The code here creates a new wait_queue_t variable (wait, which gets allocated on the stack) and initializes it. The state of the task is set to TASK_INTERRUPTIBLE, meaning that it is in an interruptible sleep. The wait queue entry is then added to the queue (the wait_queue_head_t * argument). Then schedule is called, which relinquishes the processor to somebody else. schedule returns only when somebody else has woken up the process and set its state to TASK_RUNNING. At that point, the wait queue entry is removed from the queue, and the sleep is done.

Figure 5-1 shows the internals of the data structures involved in wait queues and how they are used by processes.

Figure 5-1

Figure 5-1. Wait queues in Linux 2.4

A quick look through the kernel shows that a great many procedures do their sleeping "manually'' with code that looks like the previous example. Most of those implementations date back to kernels prior to 2.2.3, before wait_event was introduced. As suggested, wait_event is now the preferred way to sleep on an event, because interruptible_sleep_onis subject to unpleasant race conditions. A full description of how that can happen will have to wait until "Going to Sleep Without Races" in Chapter 9, "Interrupt Handling"; the short version, simply, is that things can change in the time between when your driver decides to sleep and when it actually gets around to calling interruptible_sleep_on.

One other reason for calling the scheduler explicitly, however, is to do exclusive waits. There can be situations in which several processes are waiting on an event; when wake_up is called, all of those processes will try to execute. Suppose that the event signifies the arrival of an atomic piece of data. Only one process will be able to read that data; all the rest will simply wake up, see that no data is available, and go back to sleep.

This situation is sometimes referred to as the "thundering herd problem.'' In high-performance situations, thundering herds can waste resources in a big way. The creation of a large number of runnable processes that can do no useful work generates a large number of context switches and processor overhead, all for nothing. Things would work better if those processes simply remained asleep.

For this reason, the 2.3 development series added the concept of an exclusive sleep. If processes sleep in an exclusive mode, they are telling the kernel to wake only one of them. The result is improved performance in some situations.

The code to perform an exclusive sleep looks very similar to that for a regular sleep:

 void simplified_sleep_exclusive(wait_queue_head_t *queue)
   wait_queue_t wait;

   init_waitqueue_entry(&wait, current);

   add_wait_queue_exclusive(queue, &wait);
   remove_wait_queue (queue, &wait);

Adding the TASK_EXCLUSIVE flag to the task state indicates that the process is in an exclusive wait. The call to add_wait_queue_exclusive is also necessary, however. That function adds the process to the end of the wait queue, behind all others. The purpose is to leave any processes in nonexclusive sleeps at the beginning, where they will always be awakened. As soon as wake_up hits the first exclusive sleeper, it knows it can stop.
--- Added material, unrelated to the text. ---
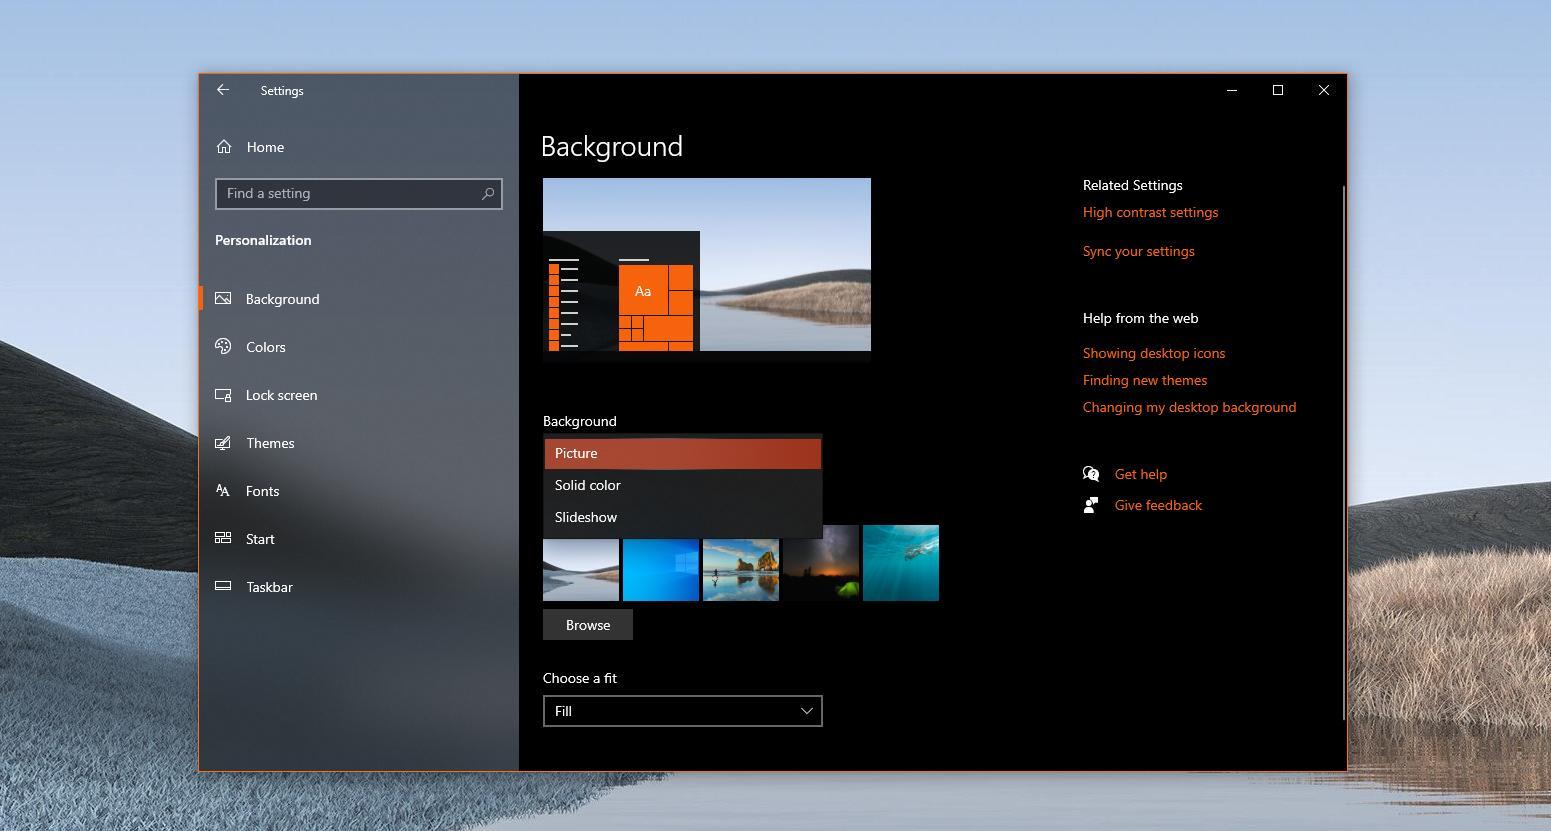 Windows 10 desktop background options

The attentive reader may have noticed another reason to manipulate wait queues and the scheduler explicitly. Whereas functions like sleep_on will block a process on exactly one wait queue, working with the queues directly allows sleeping on multiple queues simultaneously. Most drivers need not sleep on more than one queue; if yours is the exception, you will need to use code like what we've shown.

Those wanting to dig even deeper into the wait queue code can look at <linux/sched.h> and kernel/sched.c.

Writing Reentrant Code

When a process is put to sleep, the driver is still alive and can be called by another process. Let's consider the console driver as an example. While an application is waiting for keyboard input on tty1, the user switches to tty2 and spawns a new shell. Now both shells are waiting for keyboard input within the console driver, although they sleep on different wait queues: one on the queue associated with tty1 and the other on the queue associated with tty2. Each process is blocked within the interruptible_sleep_on function, but the driver can still receive and answer requests from other ttys.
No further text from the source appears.